10 REASONS WHY THE LARRY SANDERS SHOW WAS THE GREATEST SITCOM OF ALL TIME

I have been laid up for a week with barely enough energy to get up and change DVDs . . . So I finally found the time to watch my boxed set of the complete Larry Sanders Show.  I’d forgotten how brilliant the show was.  I think it’s the best sticom ever.

10.  Timeless tackling of topical topics.  Like the  episode about O.J., which you can see a great clip from here.

9.  Celebrities bringing their “real life” issues out on the show.  I’m thinking mostly of Ellen Degeneris’ spot, in which she is so fed up with peoples’ speculation about her sexuality that she sleeps with Larry.  Larry, guileless as ever, thinks this means she’s straight . . . Until he finds out that “lesbians can sleep with guys?!?”  Or the one where Sean Penn talks to Larry about what a horrible actor Gary Shandling is.

8.  Larry’s agent on Extra interviews: “They never edit out the crying.  It’s the cum shot!”

7. It even had great music! The show interwove musical spots and storyline brilliantly, and spotlighted worthy performers like Warren Zevon, Shawn Colvin, The Butthole Surfers, Paul Westerberg–and many, many others.

6. David Duchovny’s willingness to play Larry’s gay crush. The show repeatedly got its big-named guests to take risks and cut loose–a testament to their talent.

5. Jon Stewart. He was young, he looked ridiculous, but his repeated role was to Larry what Joan Rivers was to Johnny Carson. Only in this one, Joan wins.

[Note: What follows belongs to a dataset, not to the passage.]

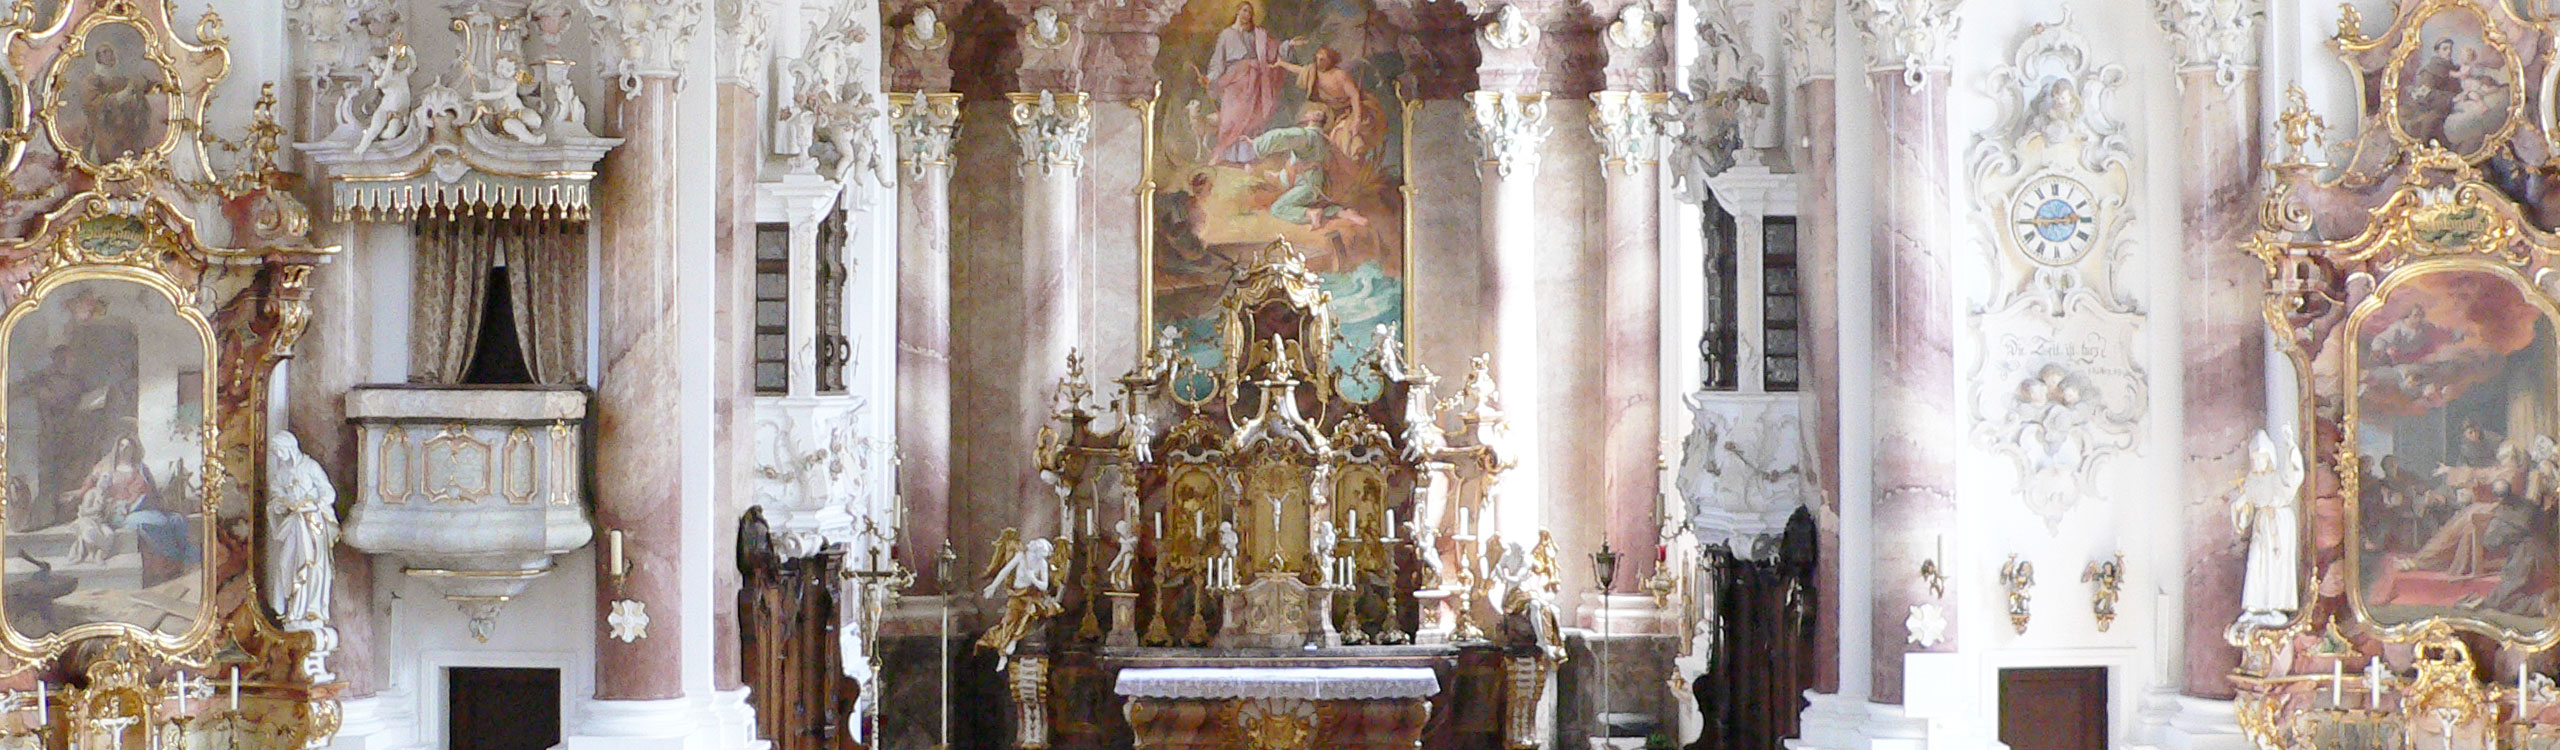 Altarraum St. Andreas Nesselwang

4.  “Wow!  He looks so young!”  Getting to see folks like Vince Vaughn, Jeremy Piven, Mary Lynn Rajskub, Sarah Silverman, and Bob Odenkirk back when their stars were just beginning to rise.

3. Artie. Rip Torn in his greatest role of all time, the foul-mouthed producer who always knows how to handle Larry’s neuroses.

2.  “Hey now!” Hank Kingsley.  The oblivious, foul-mouthed, egomaniac-with-an-inferiority-complex sidekick with the greatest catch phrase ever, who is always willing to go to war with someone.

1.  Gary Shandling is fearless.  The show is so clearly him, all his fears, all the things he hates, and the one he clearly hates the most: People stopping him to ask for favors every time he enters a room, exemplified in scenes/storylines like: Larry being unable to run the gauntlet from his desk to his bathroom without running into sycophants and wannabes; his girlfriend, who was in love with, dropping him for the network exec who is out to kill his show; and, to beat all, Larry’s own psychiatrist asking him to shop a script for him.